● WHAT YOU HAVE TO DO:
Print all the data that follows exactly, images excluded.

=== RAW DATA ===

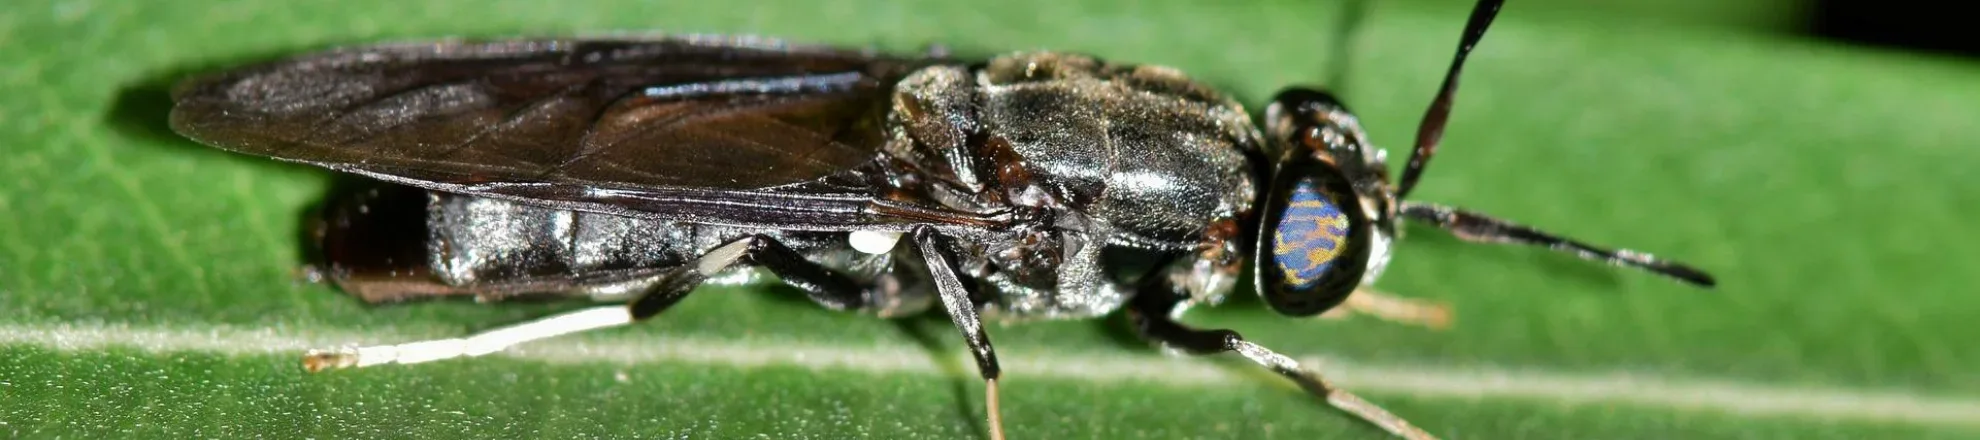 Insecten kunnen mogelijk een rol spelen in stikstofreductie 
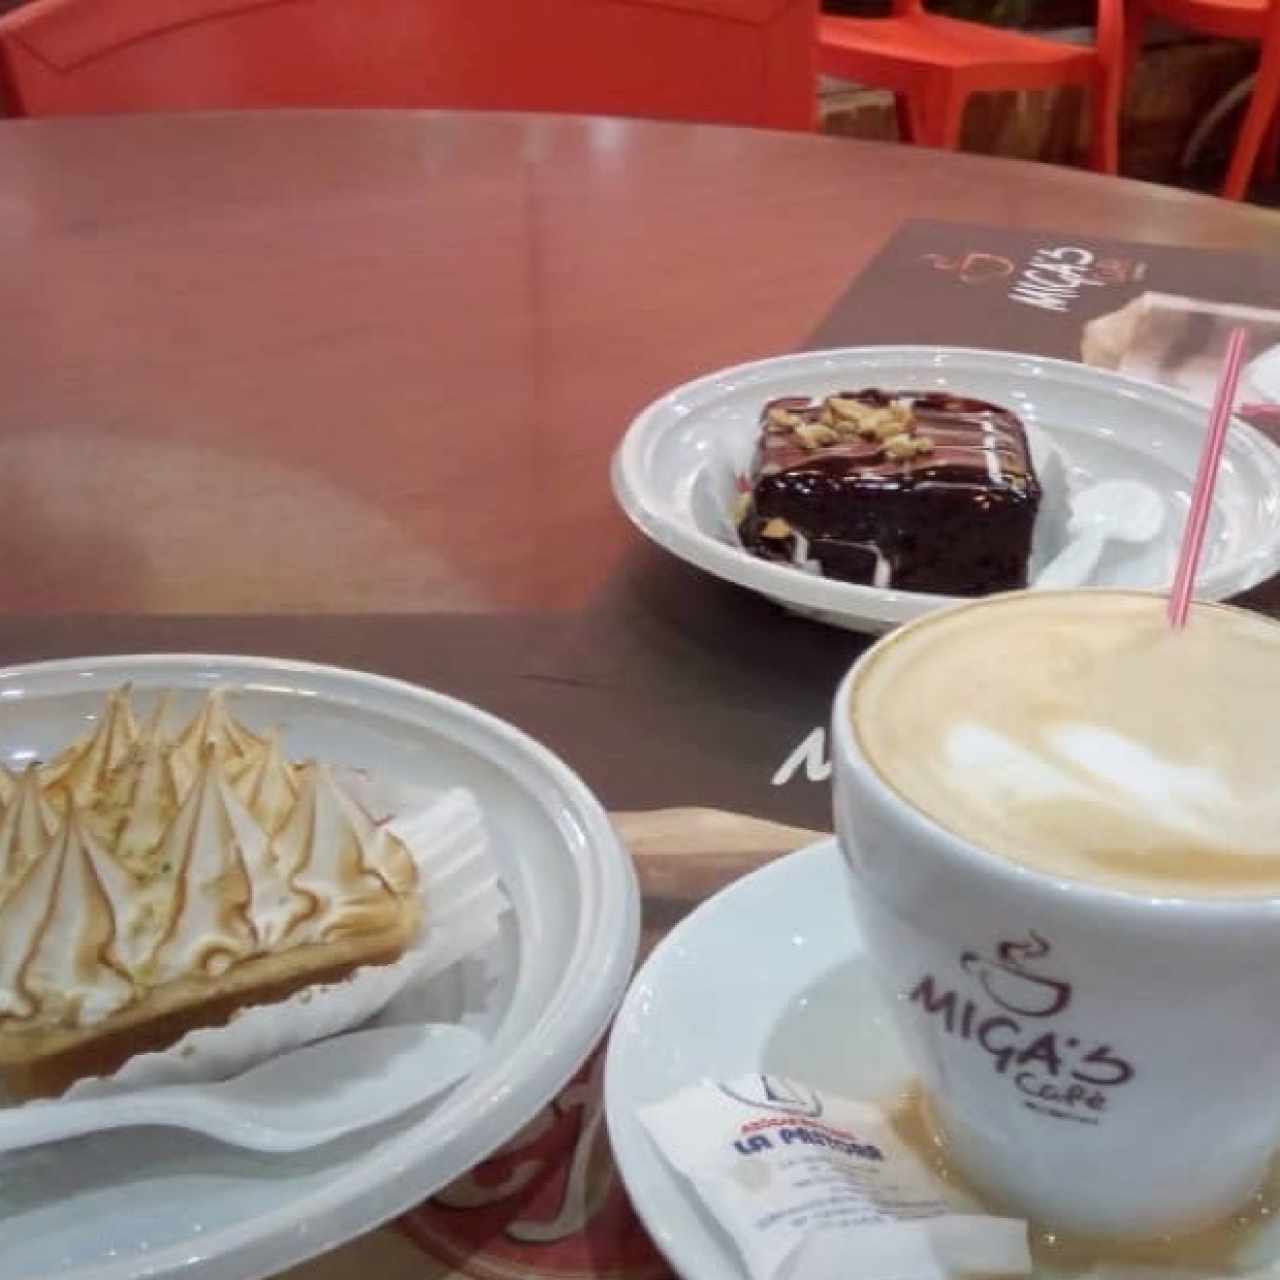 Cafe Latte, Tartaleta de Limon y Brownie
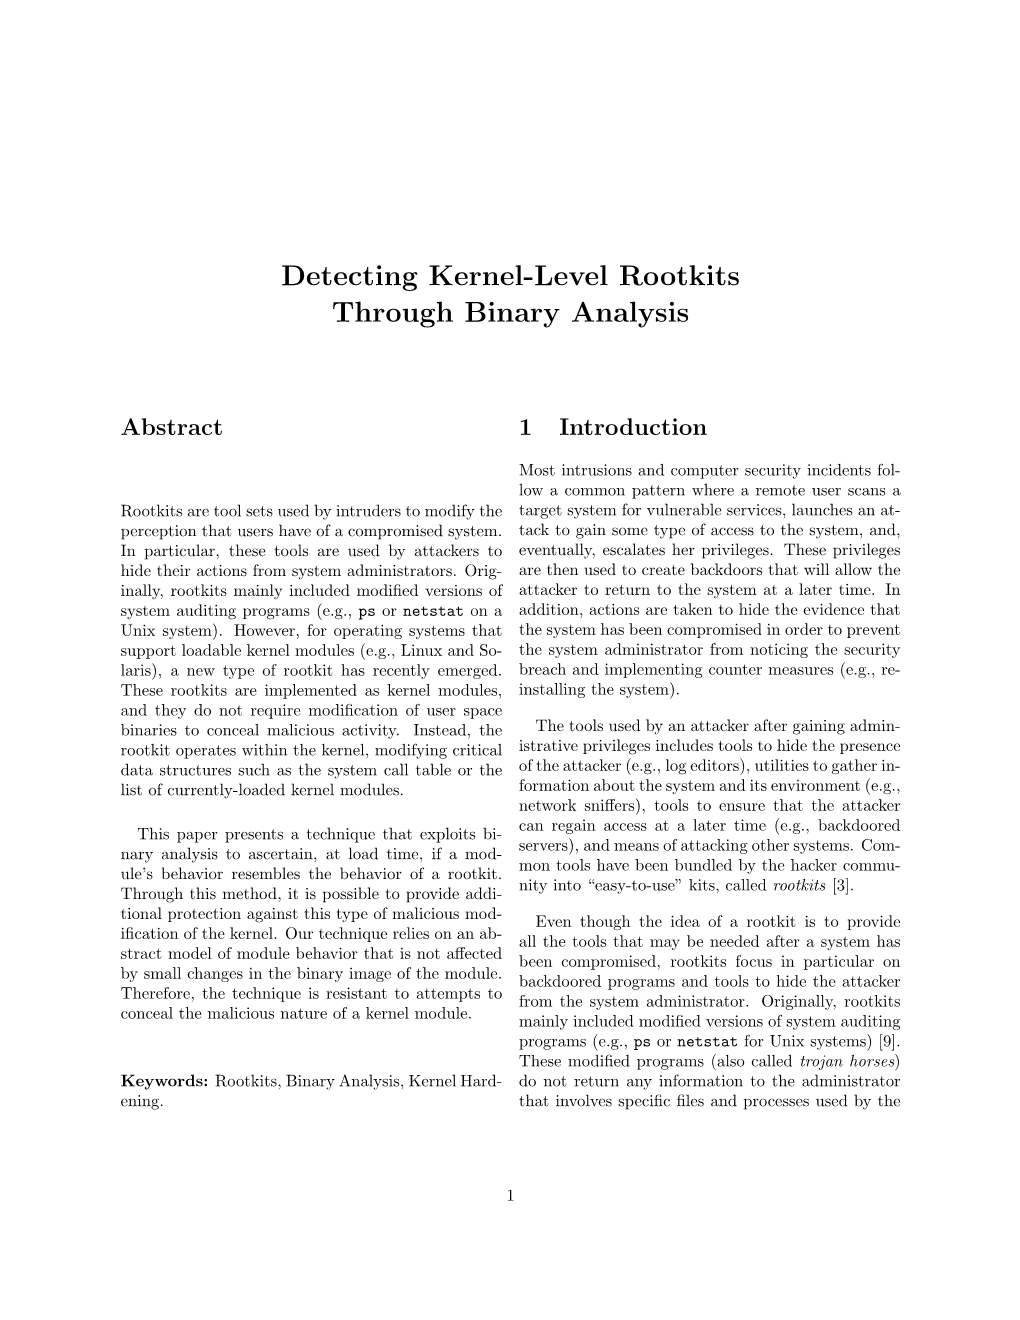 Detecting Kernel-Level Rootkits Through Binary Analysis

===

● OUTPUT FOR THIS TASK:
 Insecten kunnen mogelijk een rol spelen in stikstofreductie 
 Cafe Latte, Tartaleta de Limon y Brownie
 Detecting Kernel-Level Rootkits Through Binary Analysis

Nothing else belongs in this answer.